Bloch's theorem I am studying Bloch's theorem, which can be stated as follows:

The eigenfunctions of the wave equation for a period potential are the product of a plane wave $e^{ik \cdot r}$ times a modulation function $u_{k}(r)$, which has the periodicity of the lattice. In total: $\psi_k (r) = u_k(r)e^{ik\cdot r} $. [Reference: Kittel - Introduction to solid sate physics.]

I have some problems understanding Bloch's theorem in full. Can I view the wavevector $k$ as the actual, physical momentum of the electron, which moves in a periodic potential, i.e., does it define the wavelength via $\lambda = 2\pi/k$?
And how does this relate to the fact that all wavevectors can be translated back to the first Brouillon zone?

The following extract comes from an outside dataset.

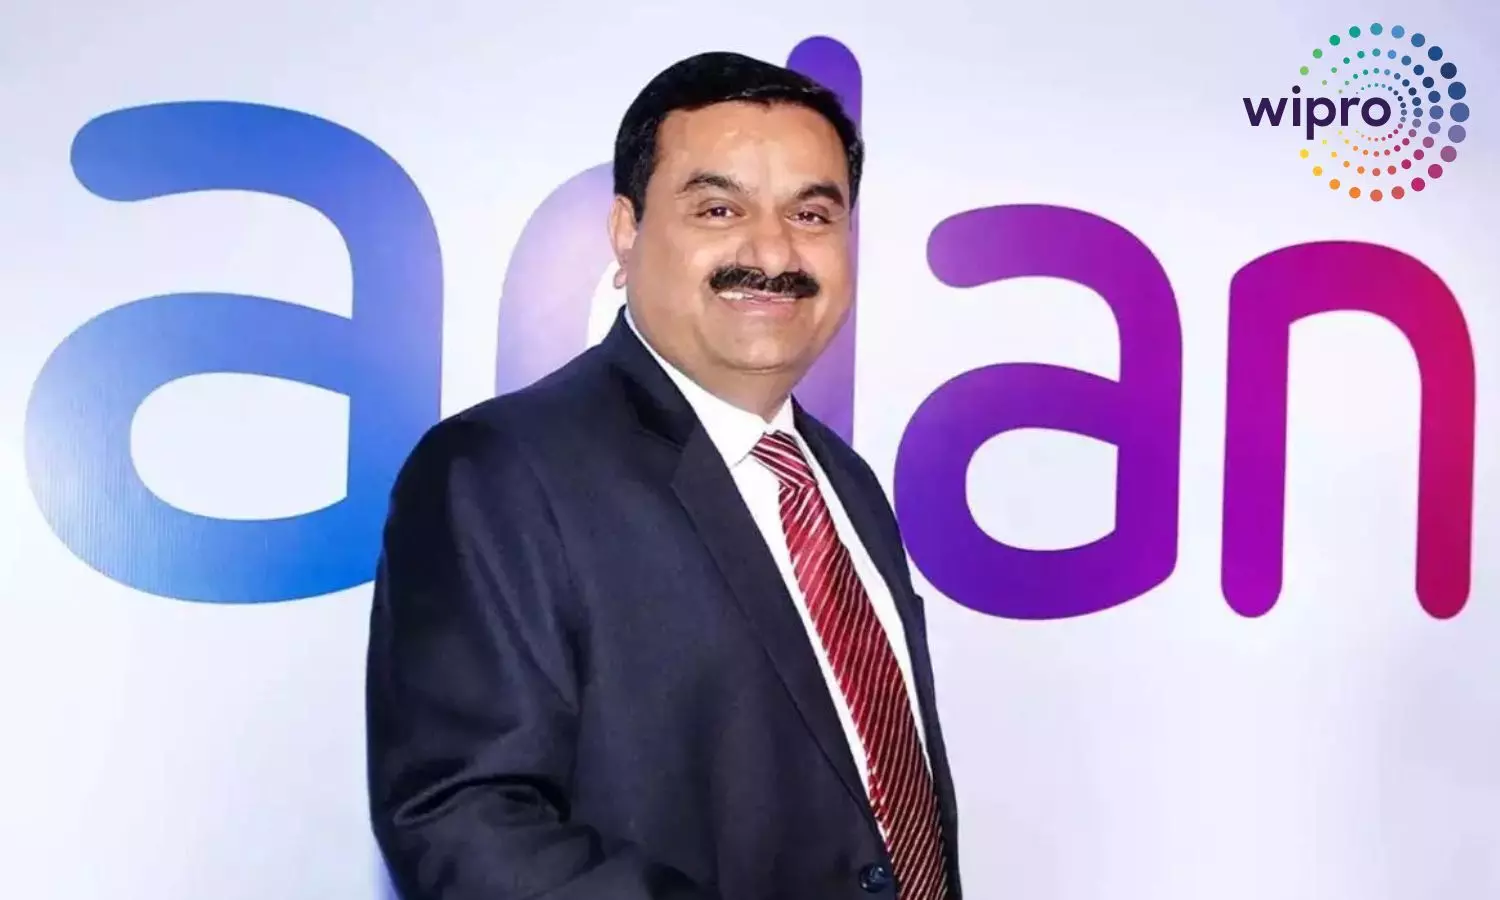 Adani Enterprises set to replace Wipro in Sensex: Implications for investors and market dynamics

 A: Here's a simple-minded answer:
Let's just compute the momentum of a particle with a Bloch wave function
$$\begin{eqnarray}
\left.\langle x \right| \hat{p}\left|\Psi \rangle\right. &=& -i\hbar \left(\frac{d}{dx}\right) u_k(x) e^{i k x} \\
&=& -i \hbar \left( i k u_k(x) e^{ikx} + u_k'(x)e^{ikx}\right) \\
&=& \left( pu_k(x) - i\hbar u_k'(x)\right)e^{ikx} \end{eqnarray}$$
where in the last line we defined $p\equiv \hbar k$.
This pretty clearly shows that the Bloch wave function is not an eigenfunction of the momentum operator.

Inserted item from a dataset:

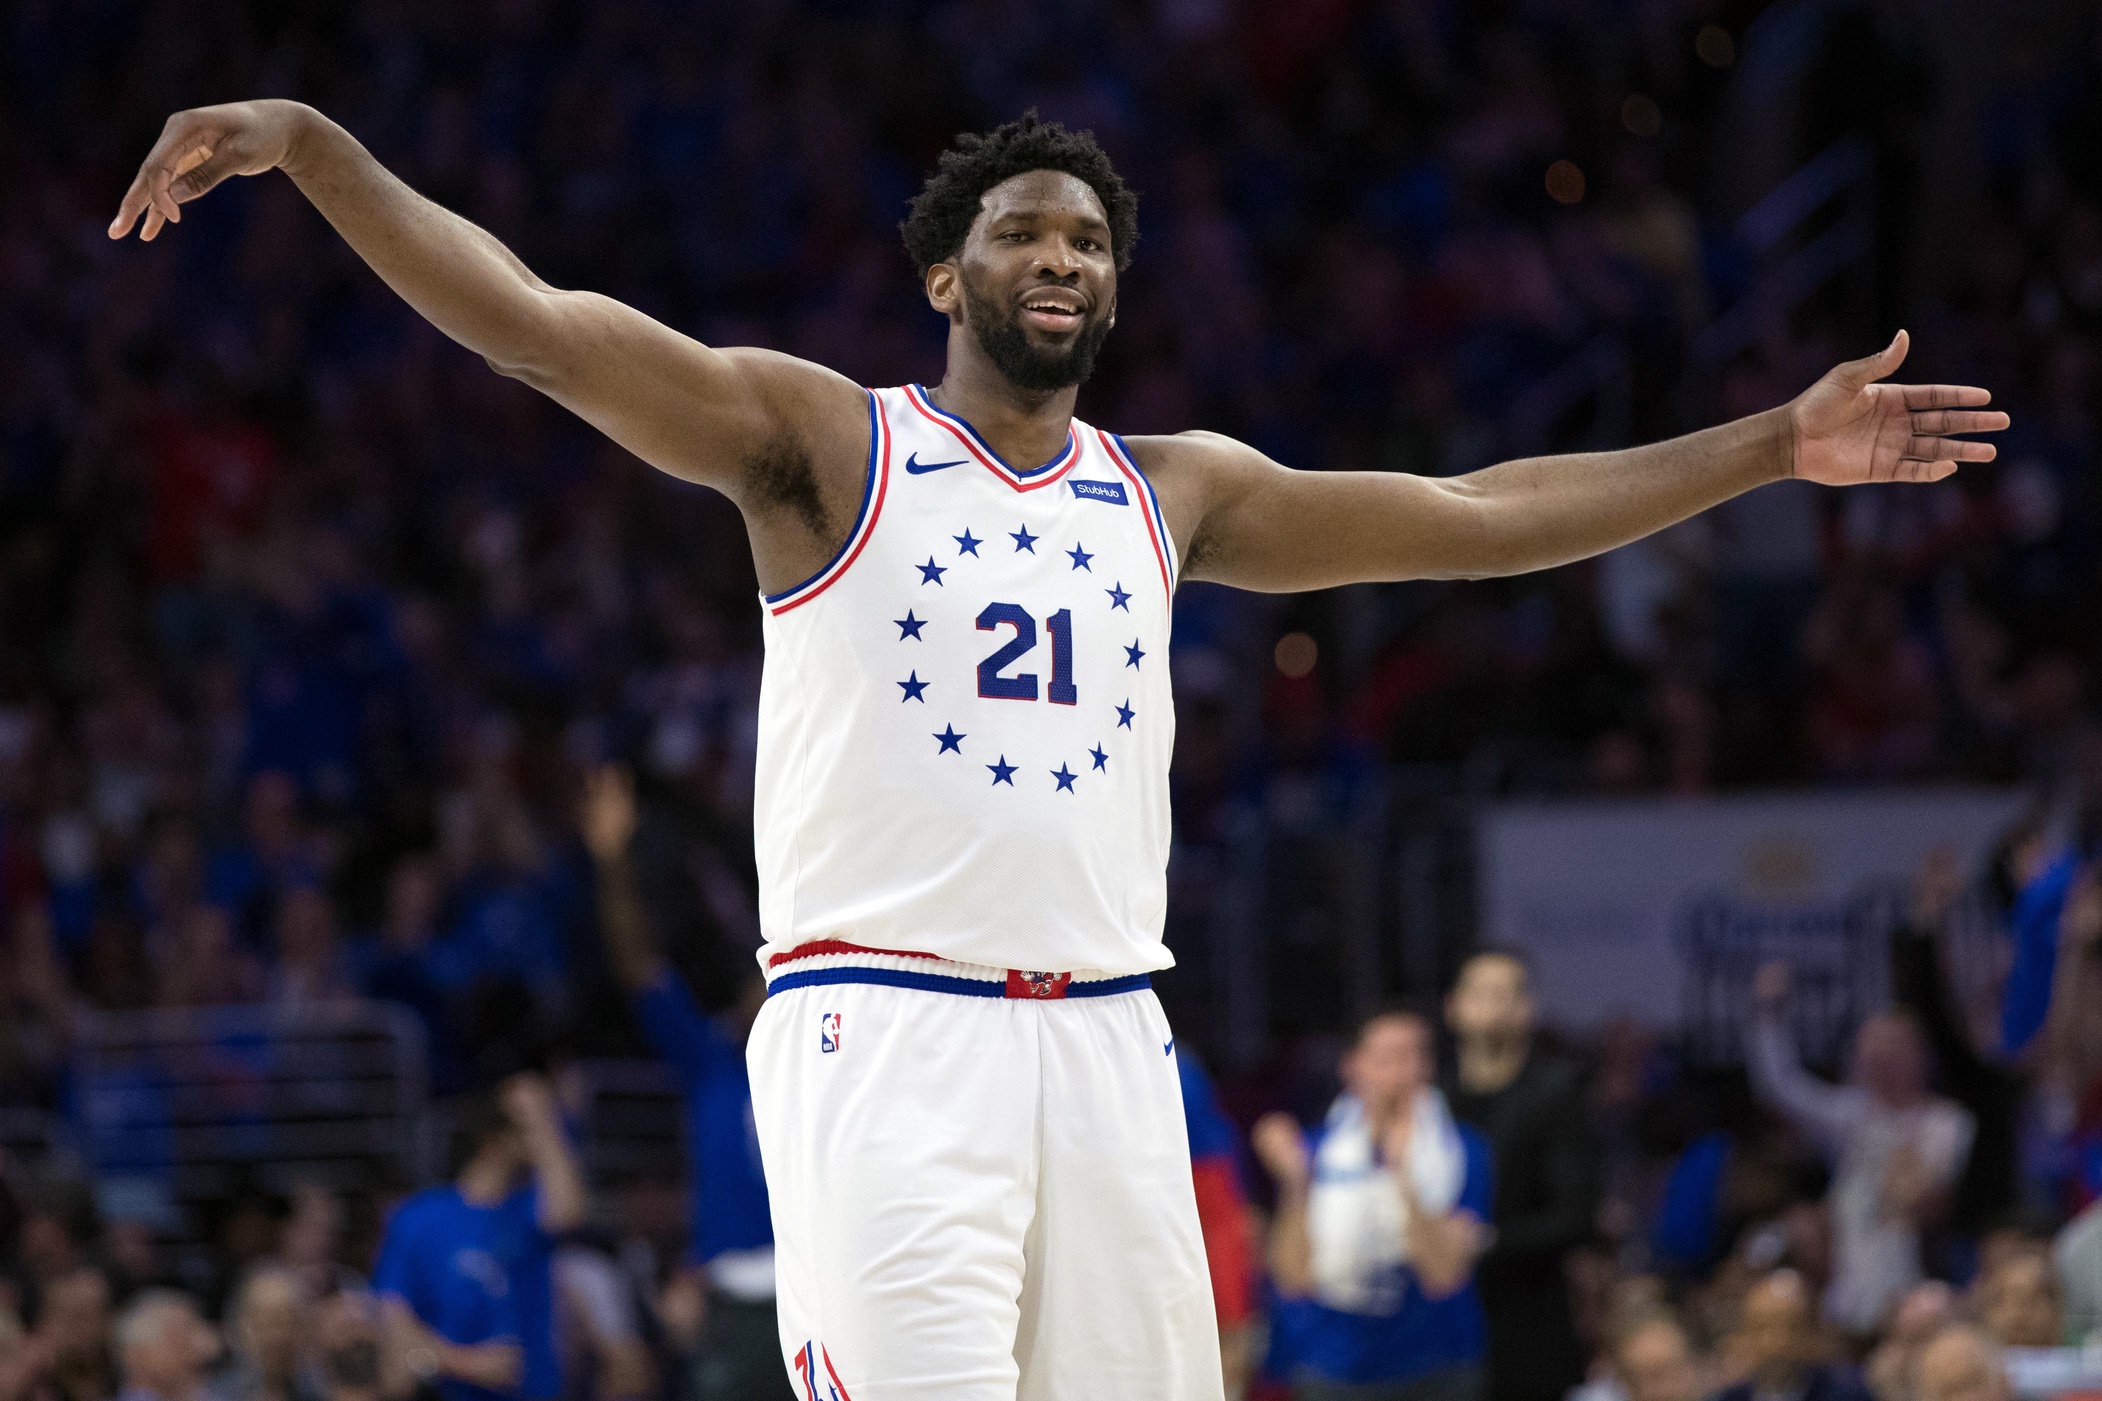 PointsBet Sets The Sixers’ 2019-2020 Win Total at 54.5

So, while you can always break the wave function down into plane waves $e^{ikx}$, and each component is a momentum eigenstate with momentum $p=\hbar k$, the Bloch functions are not themselves momentum eigenstates.
Therefore, $k$ in $u_k(x)e^{ikx}$ is not the momentum of the Bloch state.
Note, however, that if $u_k(x)=\text{constant}$ so that $u_k'(x)=0$, then we get
$$\left.\langle x \right|\hat{p} \left| \Psi \rangle \right. = pu_k(x)e^{ikx}=p\left.\langle x \ |\Psi \rangle \right. = 
\left.\langle x \right|\ p \left| \Psi \rangle \right. $$
or in other words
$$\hat{p}\left|\Psi\rangle\right. = p\left|\Psi \rangle\right. .$$
Please make a separate question for the Brillouin zone thing. I would like to answer this, but it belongs in a separate question.
A: You can't mix the crystal momentum $\vec{k}$ with the actual electron momentum, because in crystal, the actual translation symmetry is broken. That is to say, translate a very small distance, the system is changed, thus the actual 
momentum is not a good quantum number.  
You can check that $\psi_{nk}=\psi_{nk+K}$ and $E_{nk}=E_{nk+K}$, so that $\psi_{nk}$ and $\psi_{nk+K}$ actually describe the same quantum state, therefor one can always translate crystal momentum outside 1BZ into it.